Officials did not disclose how engineers planned to resolve the structural problem on future launches, but the ILS press release said in September that the “corrective action plan will adequately address the identified probable cause and contributors to the failure.”
The Proton rocket flew successfully six times since the May 2014 mishap.
According to Tass, same type of third stage steering engine is the early focus of the investigation into Saturday’s mission, which was the sixth failure of a Proton rocket or its Breeze M upper stage in 43 flights since December 2010.
Two other Proton/Breeze M missions in that period put their payloads into off-target orbits, but the satellites were able to recover from the shortfalls and continue their missions.
Commercial missions under the management of ILS amassed a mostly successful string of launches during the patch of Proton/Breeze M failures. ILS officials credited the company’s mission assurance services for the disparity in the Proton’s success record on commercial and government flights.
An ILS mission placed the Russian Yamal 402 communications satellite in the wrong orbit in 2012, but the spacecraft had enough on-board fuel to salvage its primary mission.
A malfunction in the Breeze M upper stage on an ILS mission in 2008 left the AMC 14 commercial telecom platform off its target.

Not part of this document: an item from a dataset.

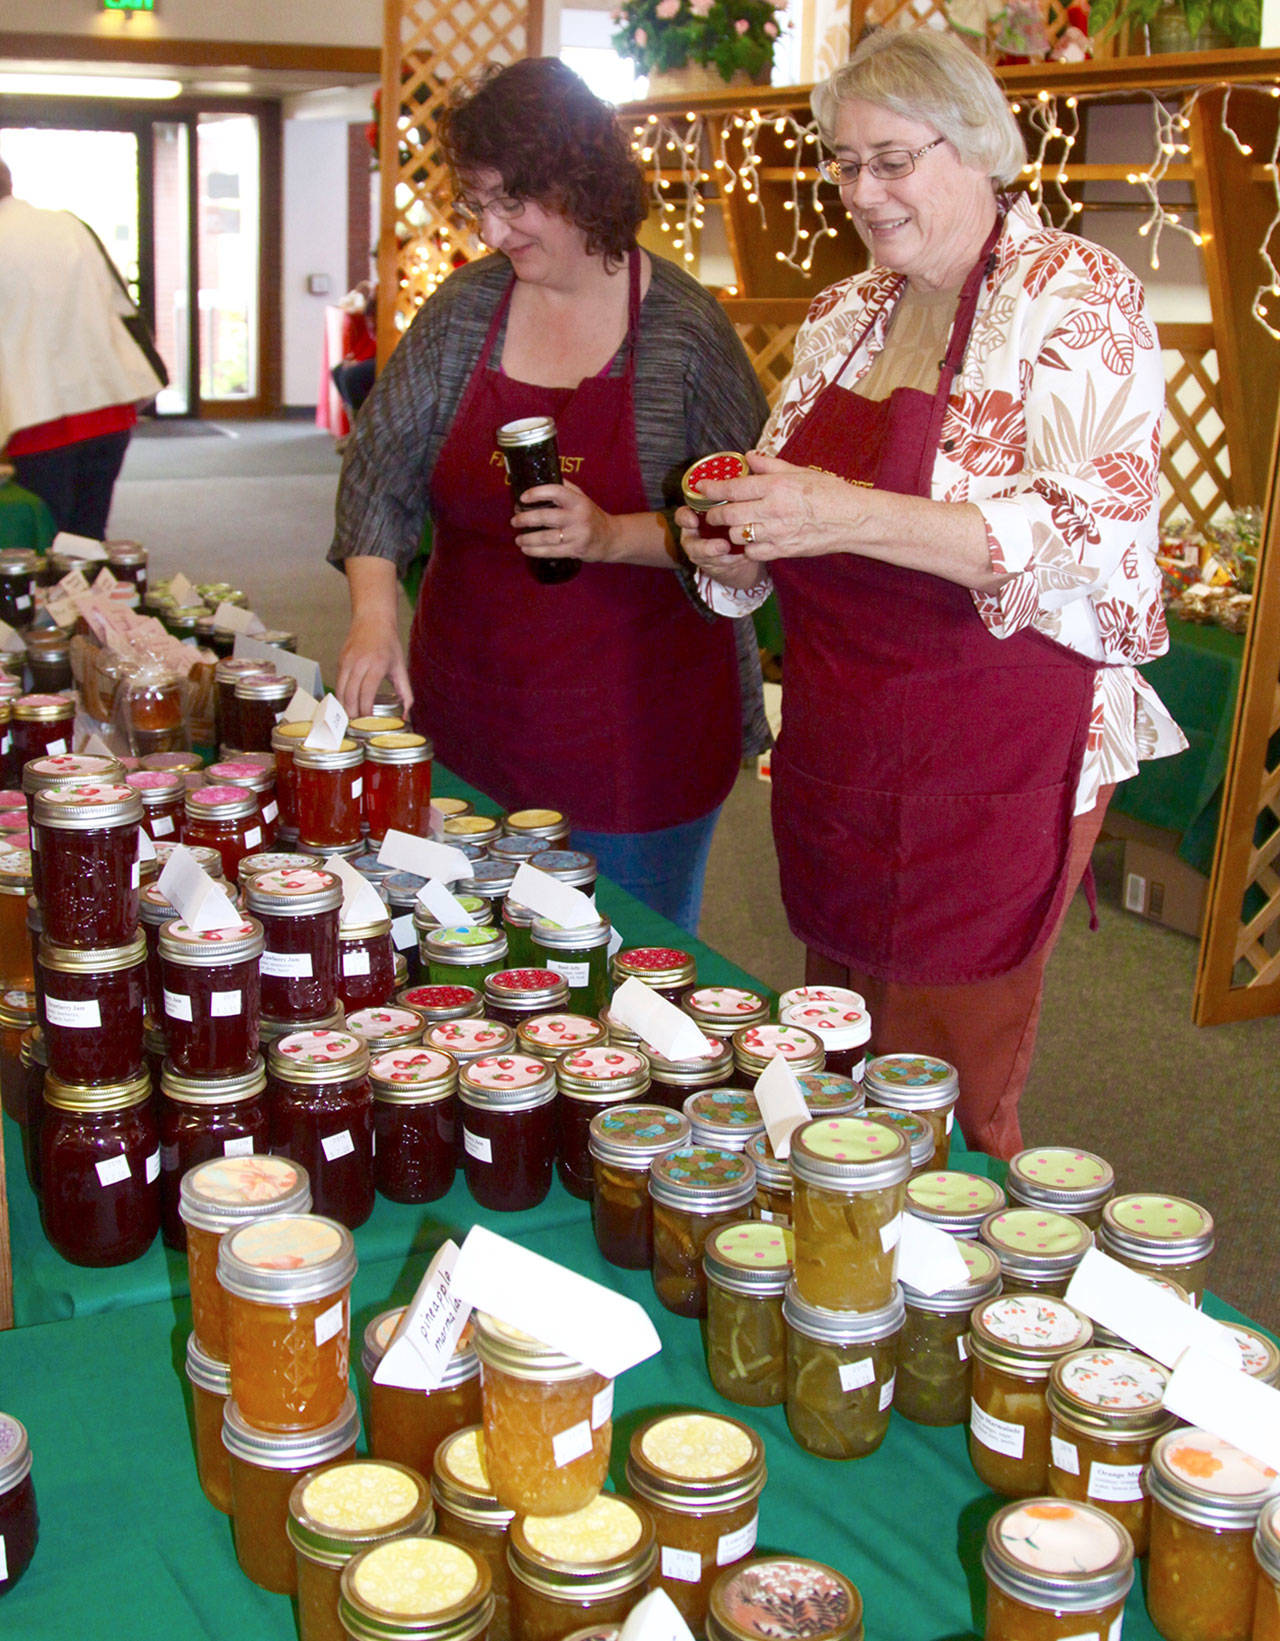 The Christmas Bizarre season is upon us now. Seven organizations have their bizarres this first weekend in November. Pictured here is preparation for the bizarre at the First Baptist Church in 2016. Kim Luker, left, and Robin Sweeney look over the many jars of handmade jams and jellies especially made for the public sale. (Dave Logan/for Peninsula Daily News)

The satellite’s owner declared the satellite a total loss and collected an insurance payment, then insurers sold the spacecraft to the U.S. Defense Department, which maneuvered the satellite into a usable orbit.
Before Saturday, the last Proton failure that destroyed a payload under the auspices of ILS came in 2007.
“ILS remains committed to providing reliable, timely launch services for all its customers,” the company said in a statement after the failure. “To this end, ILS will work diligently with its partner Khrunichev to return Proton to flight as soon as possible.”
Once a leader in the rocket business, ILS has seen its share of the commercial launch market erode in recent years. The company announced its last firm contract win in January 2014, and commercial satellite owners since then have awarded the bulk of launch service deals to Arianespace and SpaceX.
The Mexsat 1 satellite lost Saturday was supposed to help establish a mobile communications network to link Mexican security forces, civilian authorities and remote outposts with 3G+ cellular voice and data services.
Built by Boeing in El Segundo, California, the 5.8-ton satellite — also dubbed Centenario in honor of the 100th anniversary of the Mexican Revolution — was designed for a 15-year mission for Mexico’s Ministry of Communications and Transportation.
The Mexican government signed a $1 billion contract with Boeing in December 2010 for three satellites, two ground stations and operations training. Mexico’s subsequent purchase of launch services put the Mexsat program’s total cost near $1.6 billion.
The first of the three Mexsat relay stations — named Mexsat 3 or Bicentenario — launched on an Ariane 5 rocket in December 2012. Orbital ATK manufactured the satellite as a subcontractor to Boeing.
The last of the satellite trio — Morelos 3 — is nearly identical to the craft launched Saturday. It is scheduled to launch as soon as October aboard an Atlas 5 rocket from Cape Canaveral.
Officials said Mexican troops, emergency responders, rural educators and hospitals will use the Mexsat satellites for national security and humanitarian applications.
The next Proton launch was supposed to deploy a powerful communications satellite for London-based Inmarsat in June, but Russian news reports said the rocket will be grounded while experts analyze the cause of Saturday’s failure.